24 May 2011

The Constitution With No Name

The present state of America is truly alarming to every man who is capable of reflexion. Without law, without government, without any other mode of power than what is founded on, and granted by courtesy. Held together by an unexampled concurrence of sentiment, which, is nevertheless subject to change, and which, every secret enemy is endeavouring to dissolve. Our present condition, is, Legislation without law; wisdom without a plan; a constitution without a name; and, what is strangely astonishing, perfect Independance contending for dependance. The instance is without a precedent; the case never existed before; and who can tell what may be the event? The property of no man is secure in the present unbraced system of things. The mind of the multitude is left at random, and seeing no fixed object before them, they pursue such as fancy or opinion starts. Nothing is criminal; there is no such thing as treason; wherefore, every one thinks himself at liberty to act as he pleases. The Tories dared not have assembled offensively, had they known that their lives, by that act, were forfeited to the laws of the state. A line of distinction should be drawn, between, English soldiers taken in battle, and inhabitants of America taken in arms. The first are prisoners, but the latter traitors. The one forfeits his liberty, the other his head. 
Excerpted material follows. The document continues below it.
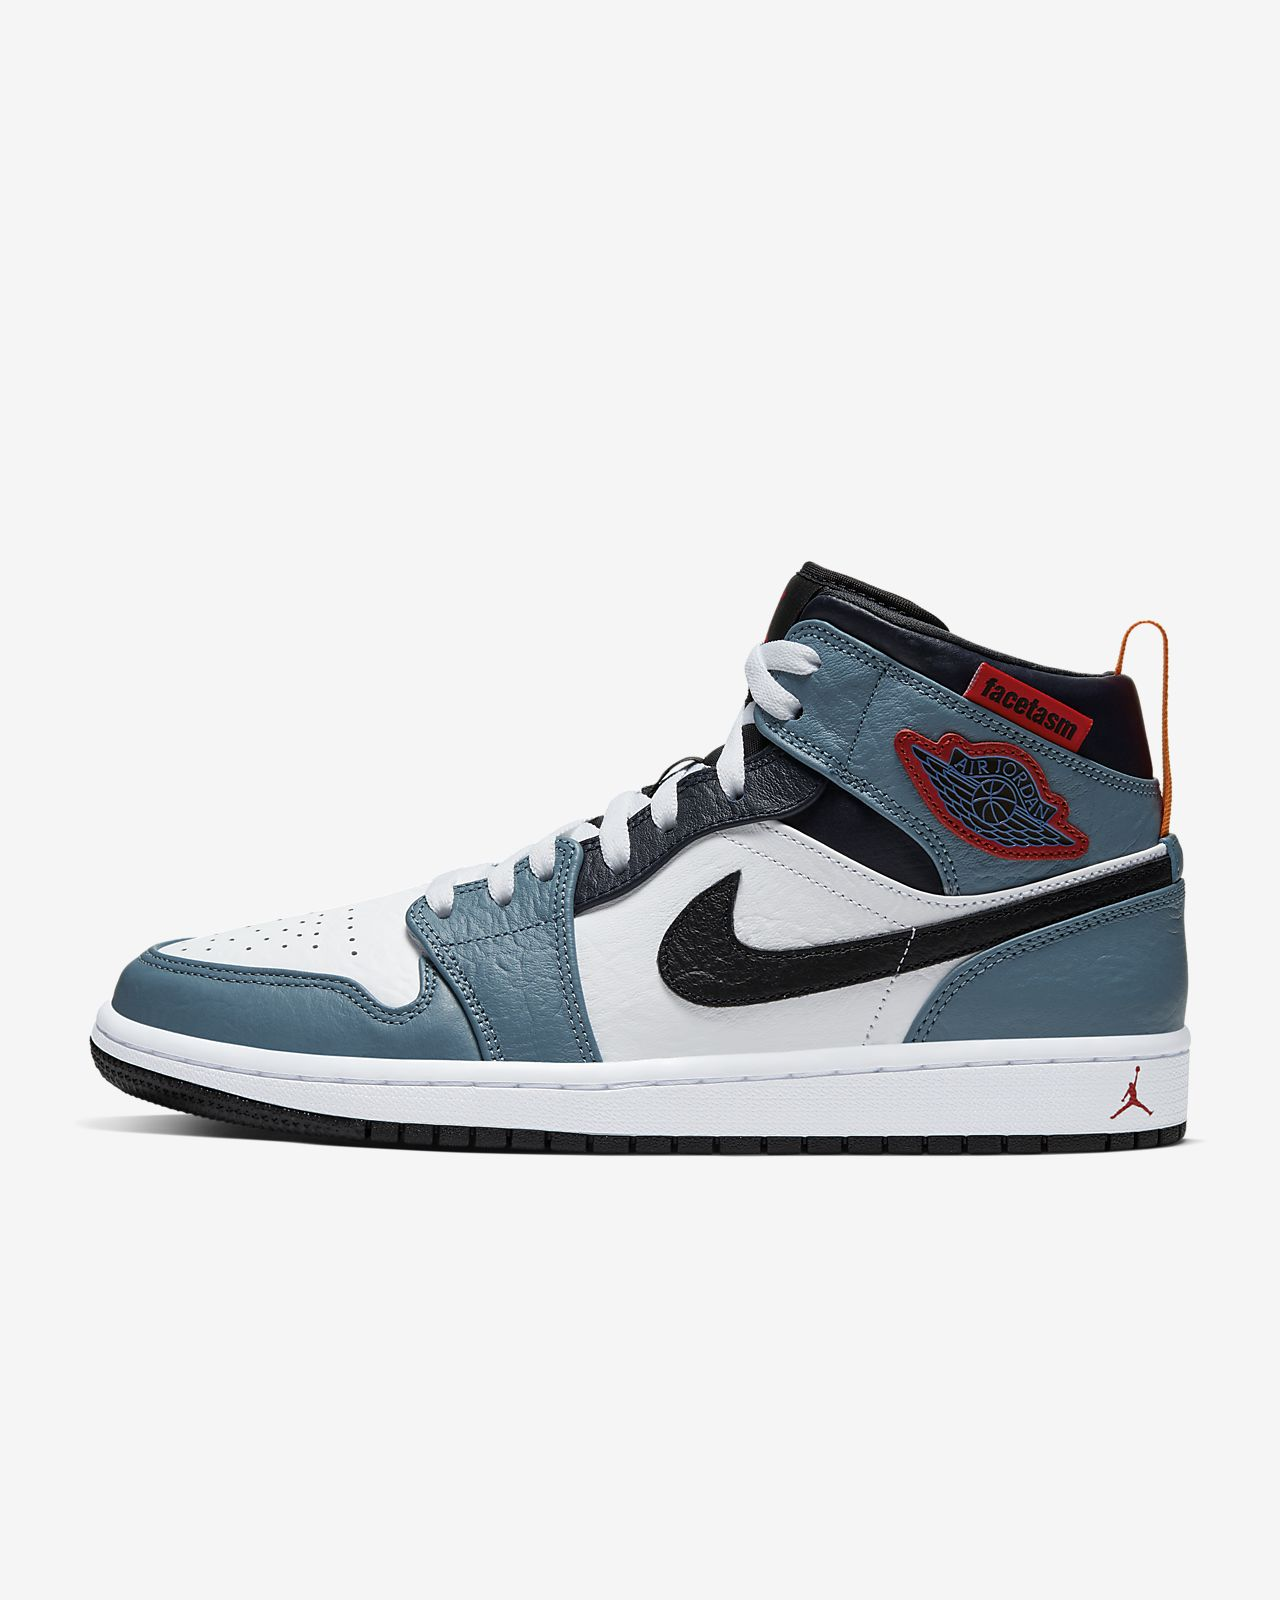 Air Jordan 1 Mid SE Fearless Shoe

- Common Sense, Thomas Paine, 1776.

What is the Constitution With No Name?

Have Americans seen it before?

Is it coming again or is it always there?

Does it require you to have Belief or to have Faith?

To any who have read this blog off and on over the years, these are questions that lay under everything that I have written, and not only in this blog but my others and in my fictional writing, also.  I come at this from many different angles, yet it always boils down to the simple things, and it is those simple things, described by many, that have been masked by imposed complexity.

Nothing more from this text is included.